Другой сыщик, по фамилии Бедекер, обладал гигантскими кулаками, широким плоским лицом и абсолютно лысой головой.

Последнее обстоятельство являлось причиной его перманентного недовольства жизнью. Я не испытывал симпатии ни к тому, ни к другому, но особенно к Бедекеру.

Он сказал:

— Ну-ка, повтори ещё раз.

— Столько, сколько твоей душонке угодно. Я только что пришел. Принял утреннюю дозу из этой бутылки. Открылась дверь, вошел вот этот коротышка, размахивая тридцать вторым и повторяя на ходу: «Спокойно, мистер, спокойно, прошу передать мне деньги!» Я объяснил, что баксов при себе не имею, но он не поверил. Спорить с ним я не стал по тридцати двум причинам. Он пожелал обыскать меня, велел встать по другую сторону стола. Я ударил его бутылкой, бросился на него, пытался отнять пушку. Мы катались по полу, когда он неловко нажал на спусковой крючок и пуля угодила ему в грудь.

Бедекер помахал растопыренной ладонью с черными ободками грязи под ногтями:

— Подожди! Что это за тридцать две причины?

— Он имеет в виду револьвер тридцать второго калибра, — шепотом подсказал ему Ревлон. — Остроумный выродок, да?

Медэксперт возился на полу над трупом, напоминая щенка, заглядывающего в аквариум с рыбками.

Ревлон достал носовой платок и осторожно взял бутылку.

— На ней кровь, док, — обратился он к медэксперту. — Как там рука покойника? Действительно сломана?

— Действительно, хотя, может быть, после смерти. Точно скажу позднее.

Проведя пальцами по своим волнистым волосам, Ревлон приоткрыл дверь и крикнул дежурившему в коридоре полицейскому, чтобы тот прогнал с лестницы зевак. Потом вернулся в мой кабинет и начал принюхиваться.

— Другие посетители у тебя были? Пахнет духами. Или ты сам ими пользуешься?

— Какими духами?

Бедекер сказал:

— Покойник одет как гомик. Может, Йетс пристрелил его из ревности?
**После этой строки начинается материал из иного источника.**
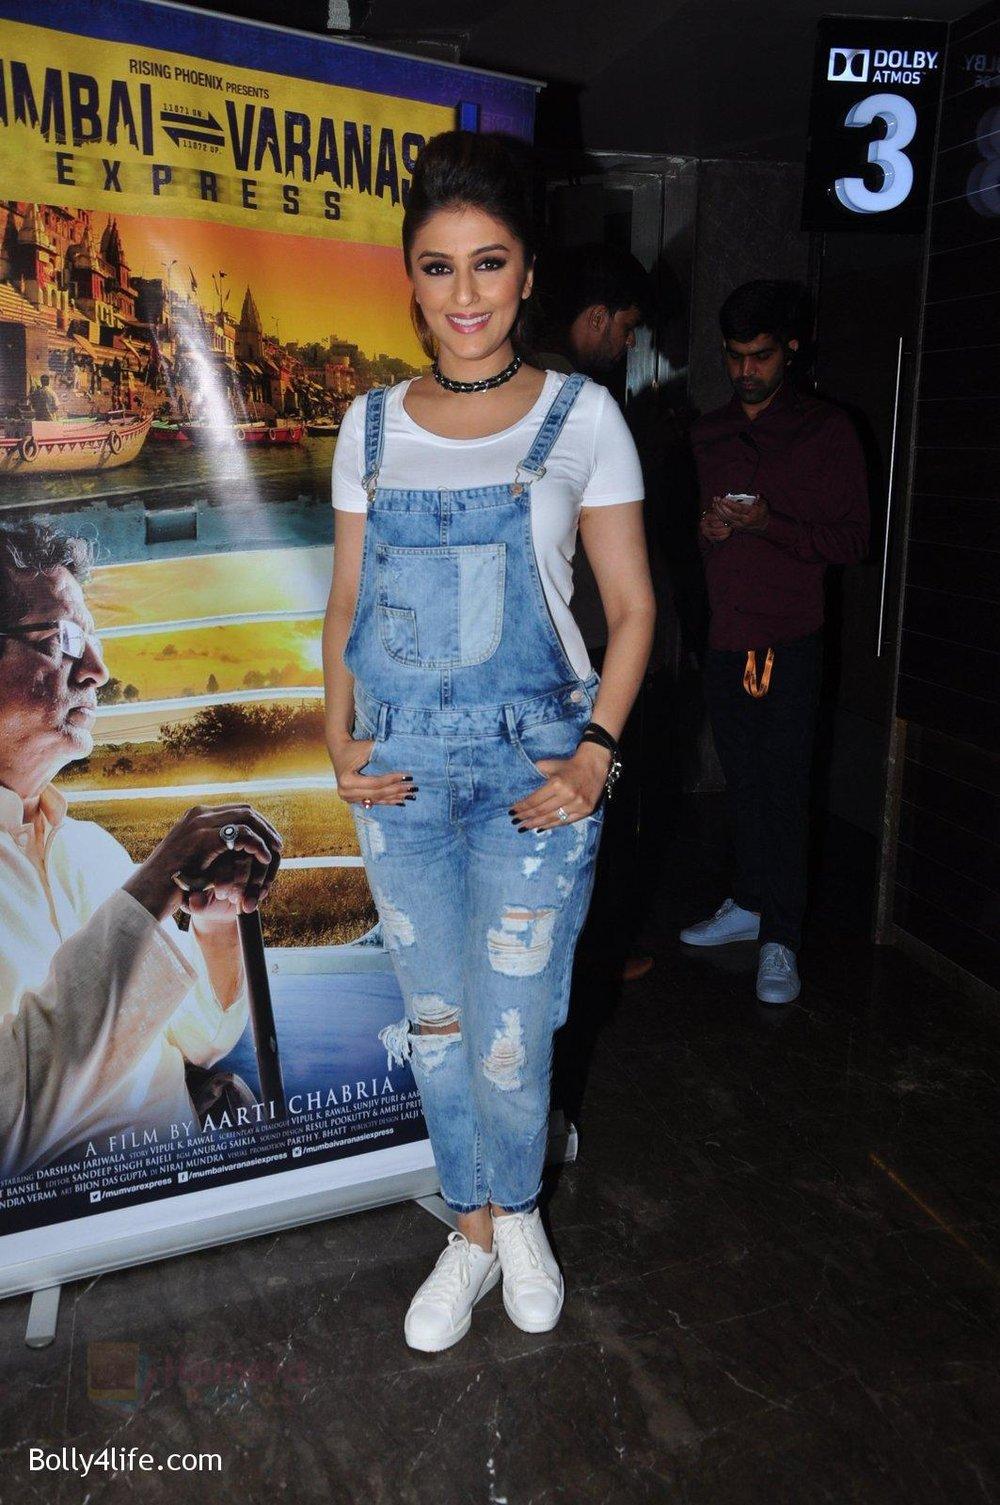 Aarti-Chhabria-at-Mumbai-Varanasi-screening-at-Jagran-film-fest-on-26th-Sept-2016-24.jpg
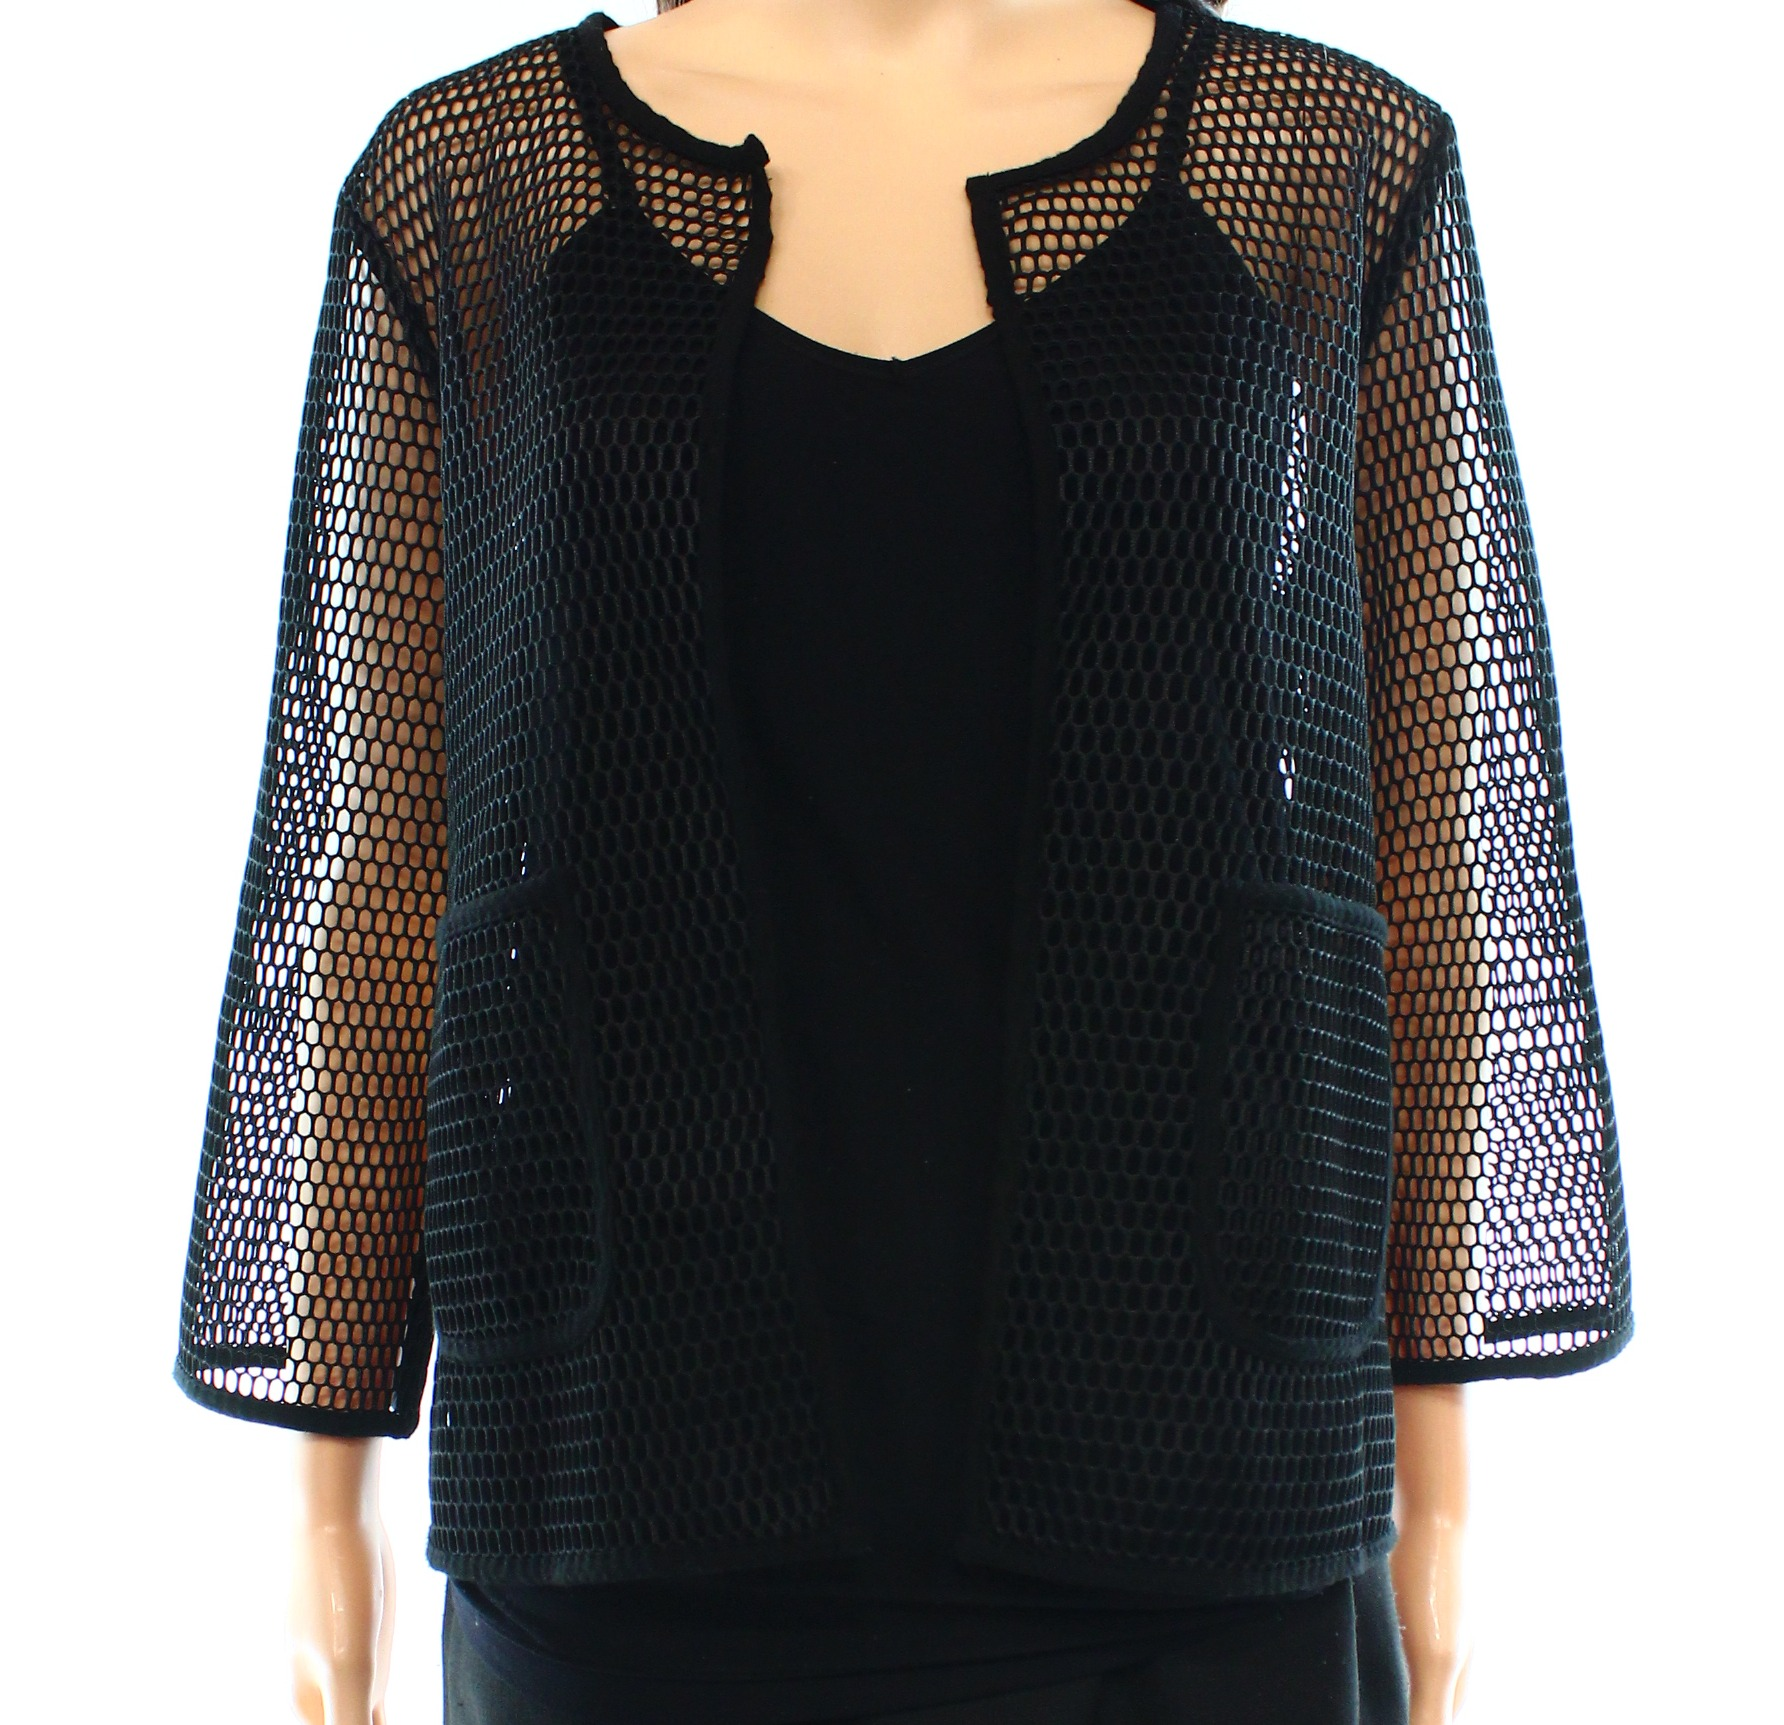 'Alfani NEW Black Women's Size Medium M Open-Front Mesh Solid Jacket

— Браток, — сказал я, — половина городских шлюх подтвердит, что ты не прав. Побойся Бога. Я дам тебе сотню адресов, и ты убедишься сам.

Медик наконец поднялся с пола:

— Здесь мне больше делать нечего. Фотограф заснял всё, что требовалось.

Не дожидаясь ответа, он открыл дверь и велел санитарам забрать труп.

Смешливый коротышка ещё не успел окоченеть. Внешне он совсем не изменился, только как-то ещё больше уменьшился в размерах. Казалось, он спит. Мне даже стало чуточку жаль его.

Теперь в кабинете оставались только я и два копа.

— Ну-ка, повтори снова, — в очередной раз потребовал Бедекер.

Я начал:

— Я только что пришел. Принял законную утреннюю дозу…

Он с силой толкнул меня в плечо тыльной стороной ладони. Я едва удержался на ногах.

Говори медленнее и не повторяйся. — Проведя ладонью по вспотевшей лысине, он глянул куда-то в сторону и неожиданно ткнул мне кулаком в лицо.

Я с размаху грохнулся на пол.

— Не распускай руки, плешивая тварь, — сказал я, поднимаясь. — Объясни, что тебе нужно. Я всё расскажу, как ты того пожелаешь. Подписывать ничего не стану. Зато мы оба сбережем время и нервы. Предположим, он шантажировал меня и поплатился за это жизнью. Или клиент потребовал деньги обратно, а я не пожелал отдавать. Меня устроит любой вариант. Выбирай. Я доставлю тебе удовольствие.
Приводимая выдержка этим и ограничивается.